Entscheidend ist, dass die betroffene Person weder auf das konkrete Verfahren noch auf den Entscheid Einfluss nimmt. Betrifft ein Projekt ein Unternehmen, zu dem ein Mitglied des Innovationsrats oder eine Expertin beziehungsweise ein Experte Verbindungen hat, muss die betreffende Person den Interessenkonflikt offenlegen und in den Ausstand treten. Sie nimmt weder an der Beurteilung noch am Entscheid teil. Dasselbe gilt für die Mitglieder der Geschäftsleitung sowie für die Mitarbeiterinnen und Mitarbeiter.

Die Mitglieder des Verwaltungsrats wirken ohnehin weder an der Beurteilung noch am Entscheid über einzelne Fördergesuche mit. Dies gilt auch für den Präsidenten des Verwaltungsrats.

Welche Rolle spielt die Geschäftsleitung beim Entscheid, welche Projekte gefördert werden?

Die Geschäftsleitung von Innosuisse ist für die operative Führung verantwortlich. Sie nimmt nicht an der fachlichen Evaluation von Fördergesuchen teil und entscheidet nicht über die Bewilligung von Innovationsprojekten. Förderentscheide fallen in die Zuständigkeit des Innovationsrats.

Wie wurden die Themenfelder des gemeinsamen Flagship-Calls mit armasuisse festgelegt, welche Rolle spielte der Verwaltungsrat und wie wurden mögliche Interessenkonflikte gehandhabt?

Innosuisse ist eine öffentlich-rechtliche Anstalt des Bundes mit eigener Rechtspersönlichkeit. Sie entscheidet im Rahmen der gesetzlichen Vorgaben und der strategischen Ziele des Bundesrates selbst über ihre Förderprogramme.

Beim gemeinsamen Call mit armasuisse (siehe dazu Medienmitteilung vom 30.04.2026) wurden drei technologische Themenfelder von armasuisse vorgeschlagen. Sie basierten auf Bedürfnissen im Bereich Sicherheit und Verteidigung und wiesen zugleich ein Potenzial für zivile Anwendungen auf.

Die Themen wurden dem Verwaltungsrat von Innosuisse zur Genehmigung vorgelegt.
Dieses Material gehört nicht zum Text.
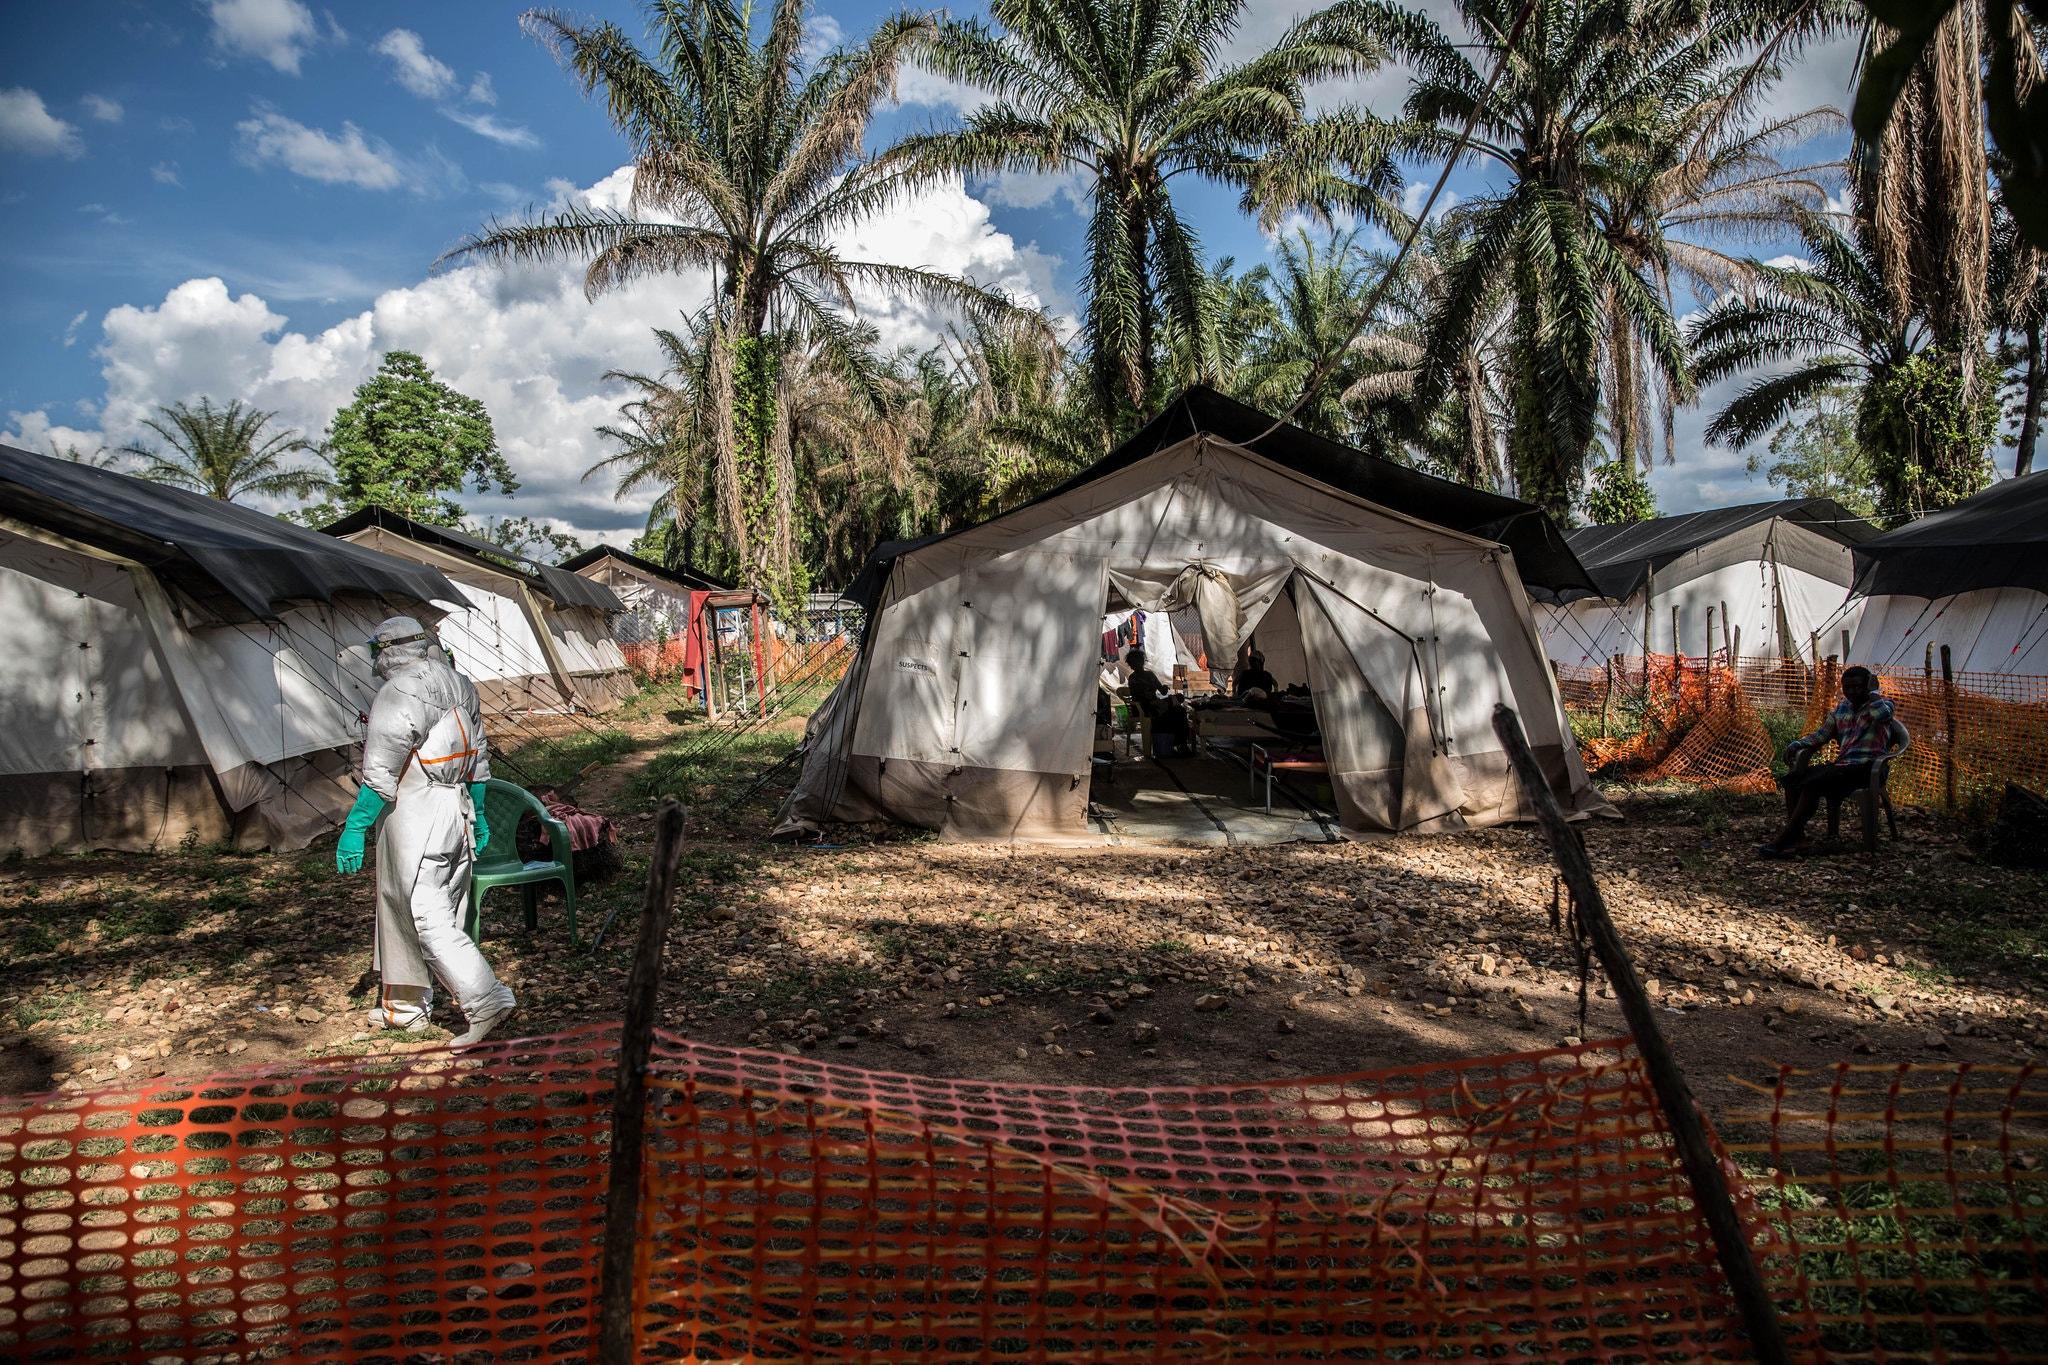 Congo faces new Ebola outbreak - Already 5 dead in Mbandaka - Strange Sounds
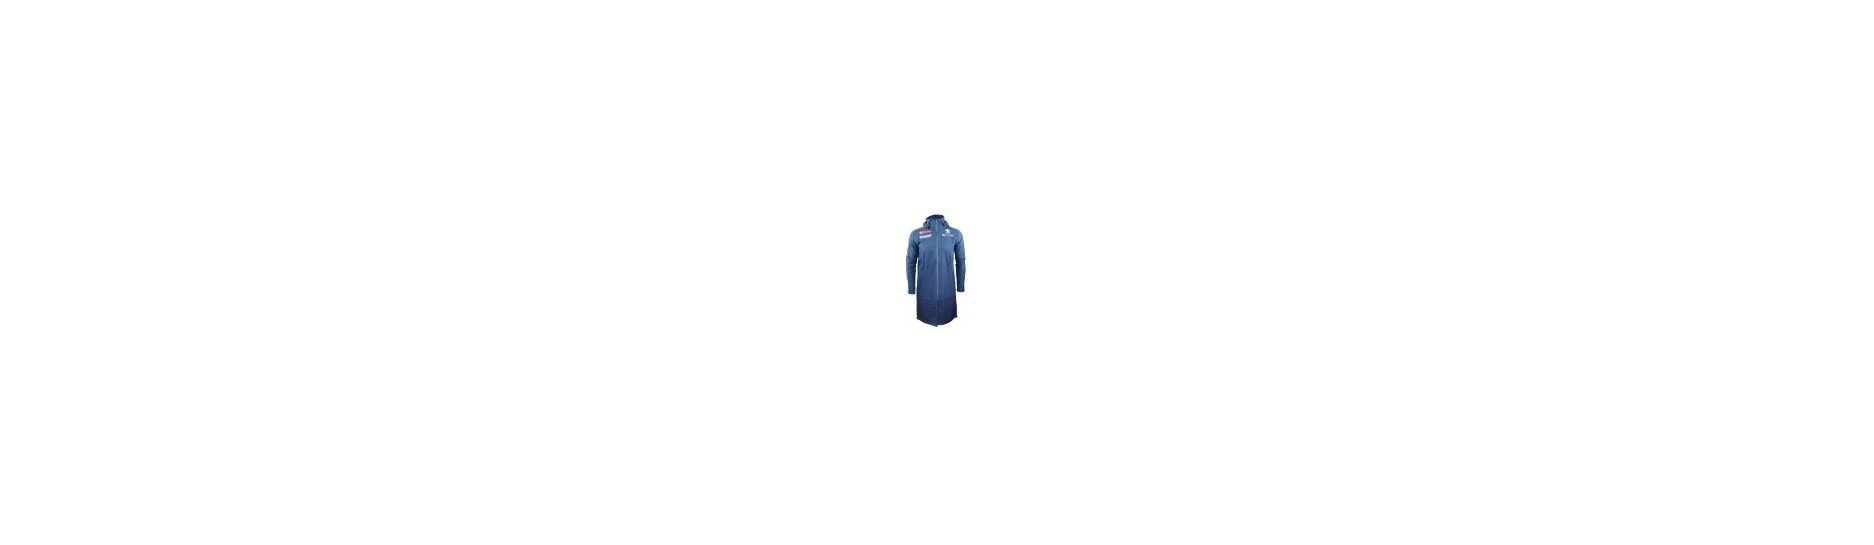 Peugeot coats and sport jackets

Der Verwaltungsrat war damit die abschliessende Entscheidinstanz für die Lancierung dieses Calls auf Seiten von Innosuisse.

Die später eingereichten Gesuche werden nicht vom Verwaltungsrat beurteilt. Sie werden nach den üblichen Verfahren durch Expertinnen und Experten evaluiert und vom Innovationsrat entschieden.